It isn't bad chum - hard to say in current weather conditions as I can't keep anything clean for more than about a day tbh. In fairness though, nothing really lasts this time of year as it very quickly get a covered in crud. I always reapply after a wash. In summer it easily would last about a week, although I usually wash the cars twice a week lol. 

The glitz is great stuff in that it completely dries into the rubber while maintaining a really nice shine. Can be layered too. Zaino z16 is good but a little runny for my liking and the Perl is something similar. Perl can be diluted depending on what you're dressing. 

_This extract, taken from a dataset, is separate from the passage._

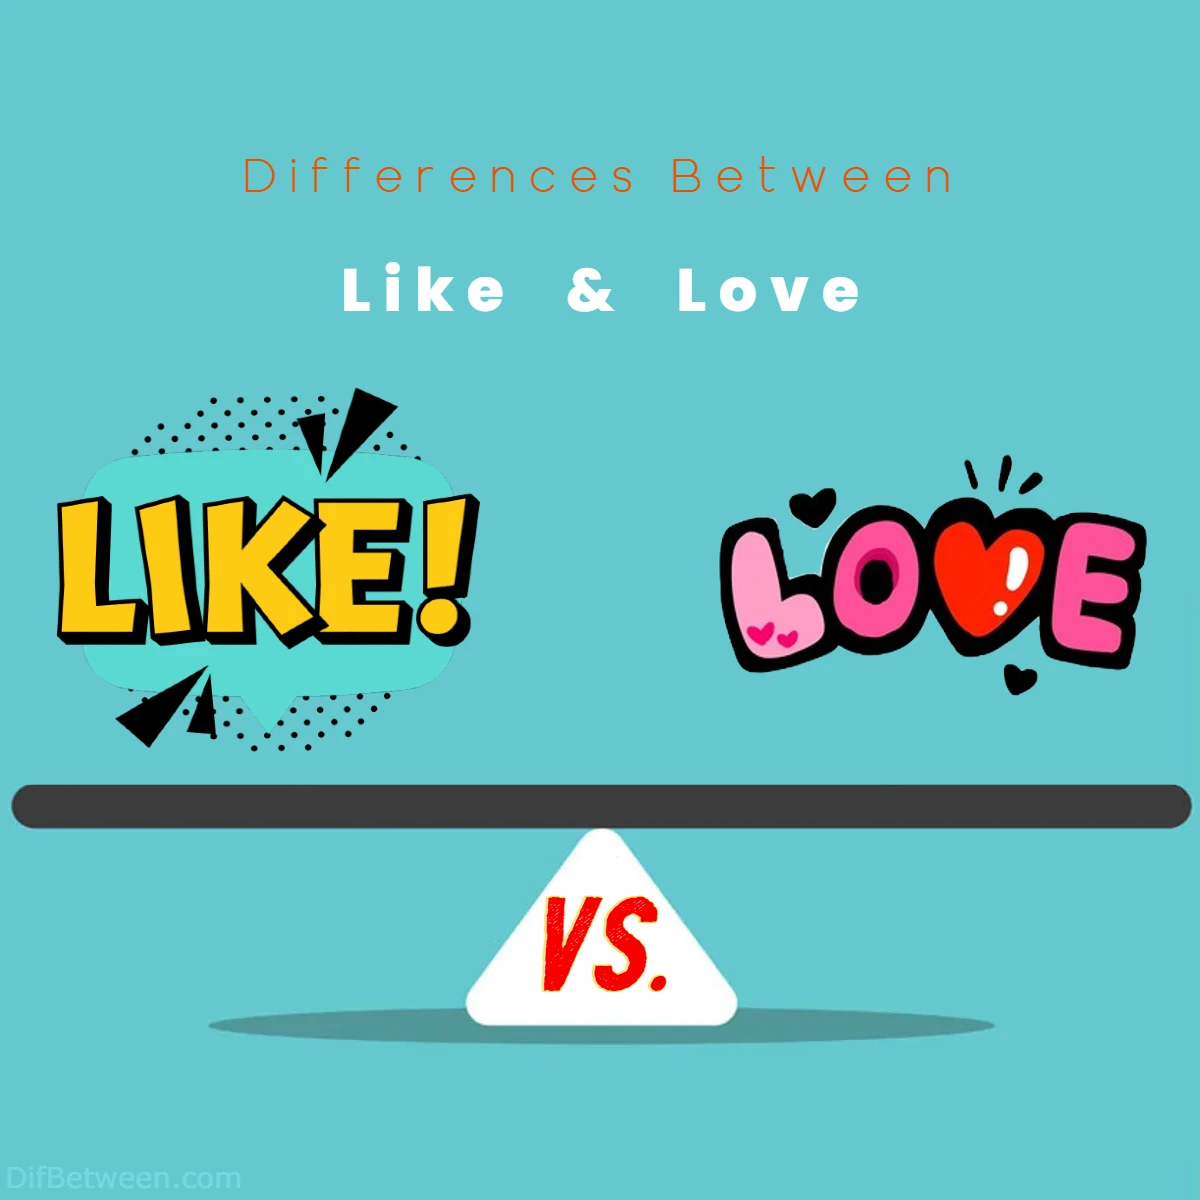 Differences Between Like vs Love
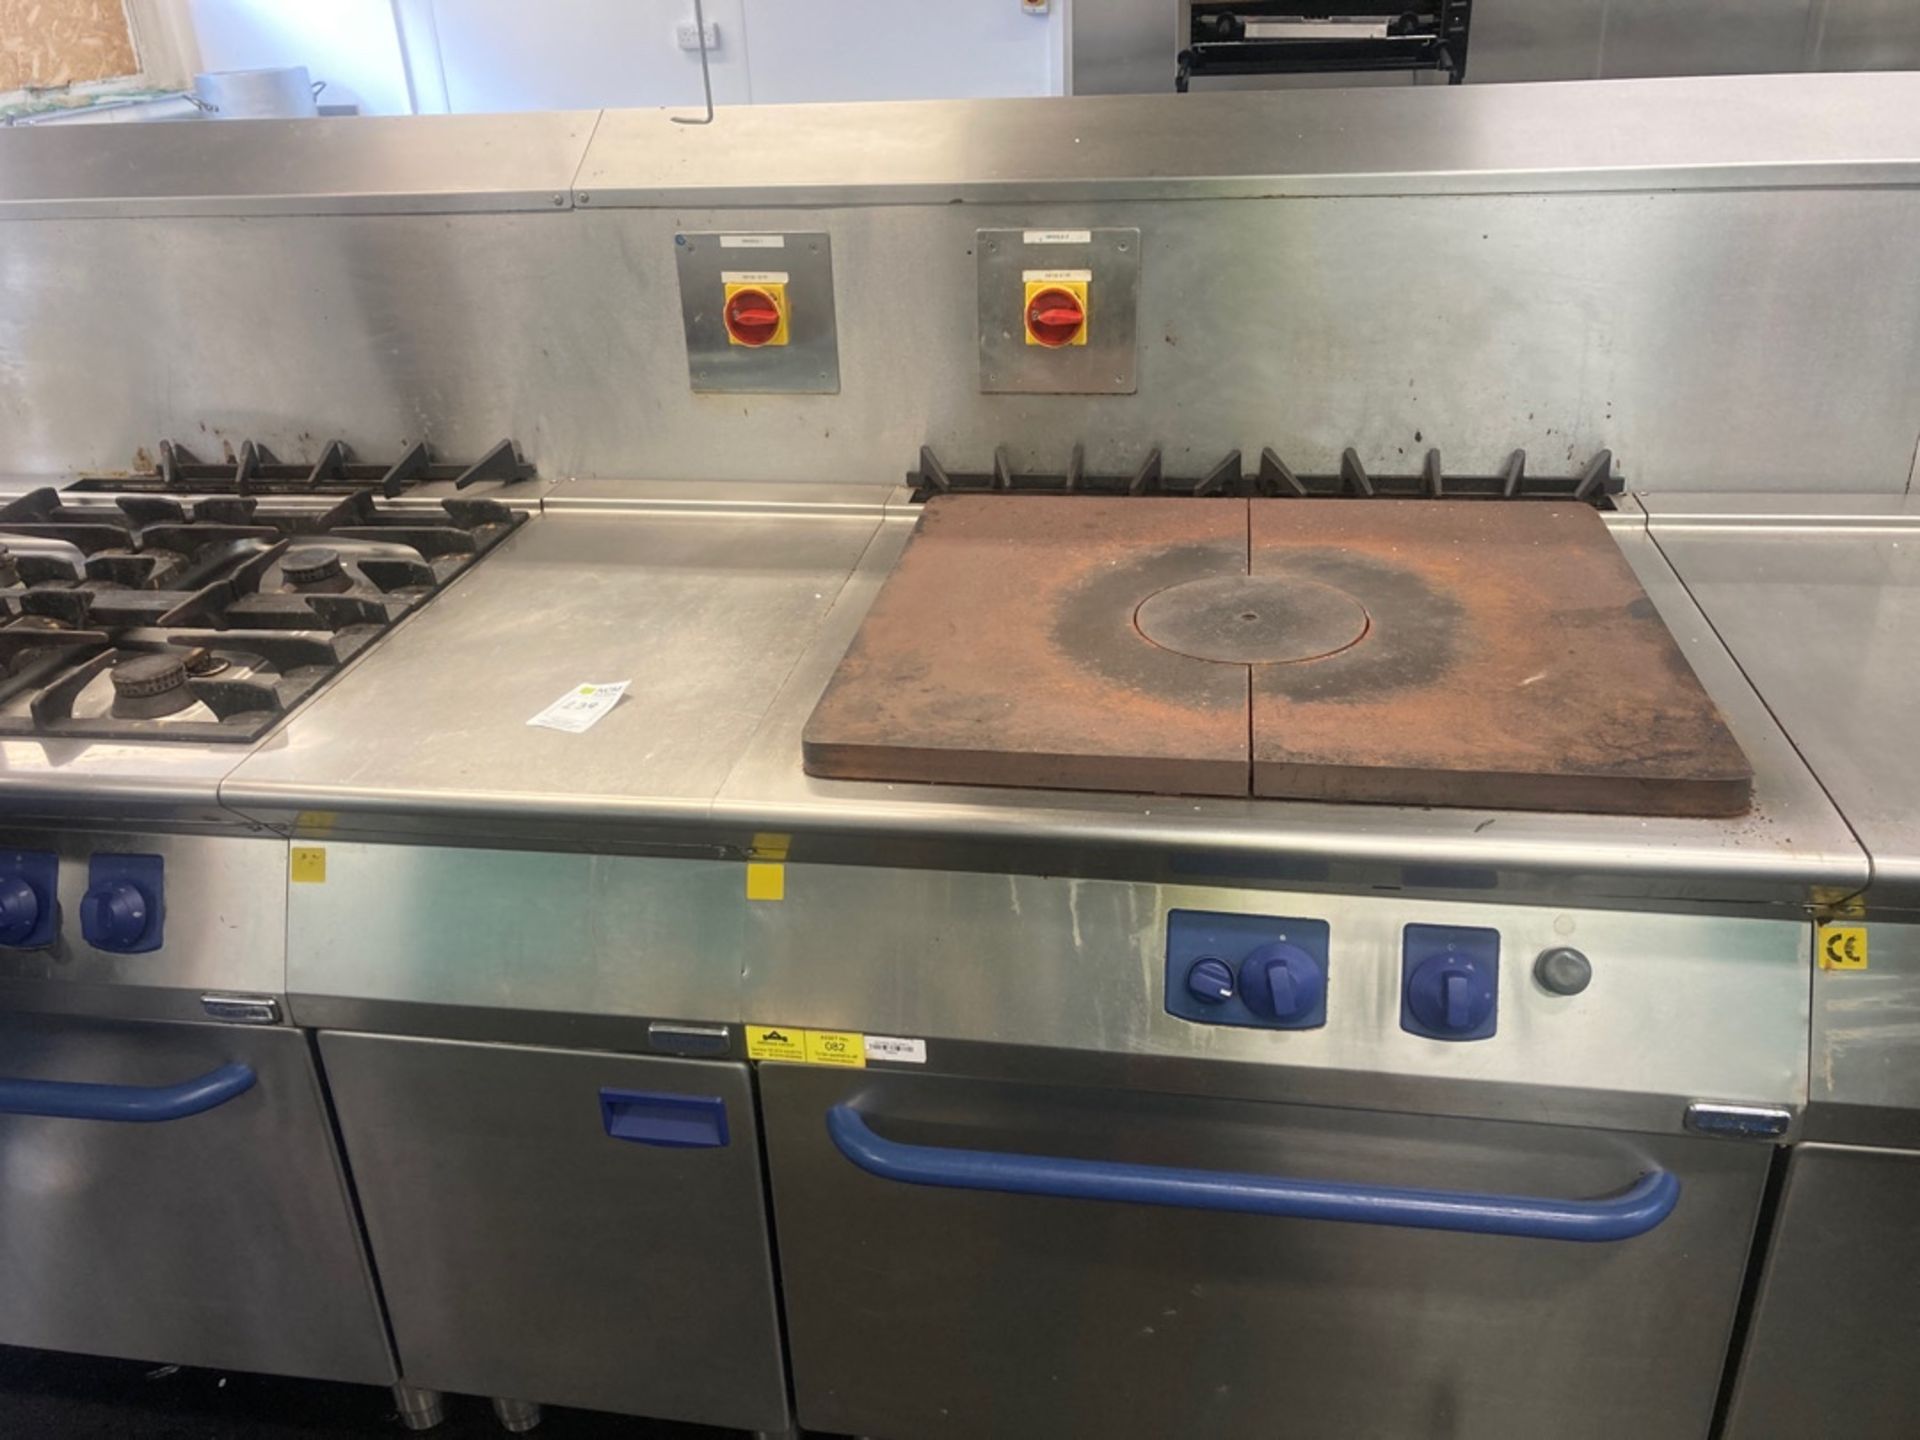 Electrolux Hot plate

If I had huge tyres I'd definitely go for the High Style bud. It's the most cost effective. 

Cooks


----------



## FallenAngel (Oct 24, 2015)

I use Car pro PERL. Great finish, dilutable (I use it 1:1 on the tires, 1:5 on exterior trim and 1:10 in interior), and it will last a good week on the tires and it wont sling at all.


----------



## Bristle Hound (May 31, 2009)

james_death said:


> Belated... But Welcome to the Forum...
> 
> There is also the old Carplan Tyre Slick... That is simply spray on and walk away.


^ This :thumb:

http://www.autoexpress.co.uk/accessories-tyres/90998/best-tyre-shine-2015
http://www.eurocarparts.com/ecp/p//...rior-cleaning/tyre-shine/?553772260&0&cc5_110


----------



## VXR_midlands (Sep 24, 2015)

I use autoglym. Pretty average I reckon looks good for a few days...


----------



## Chris221273 (Aug 16, 2015)

Cy-Zuki said:


> Chris221273 - does this stay on the tyre or do you get any sprayoff after application? I have never heard of this Trafalgar product.
> 
> Anyone else use it?


Once applied I gently wipe over with a microfibre cloth to take any excess off, and job done, no spray up the side of the vehicle, and it will last weeks, not days!!!
Honestly, I have no affiliation to these people, but I'd never use anything else.
And it can be used on plastic trims too, and follow the same rules, but apply with a cloth, then dry off with a microfibre cloth.


----------



## Cookies (Dec 10, 2008)

Don't spray it on. Please. Don't. 

Cooks


----------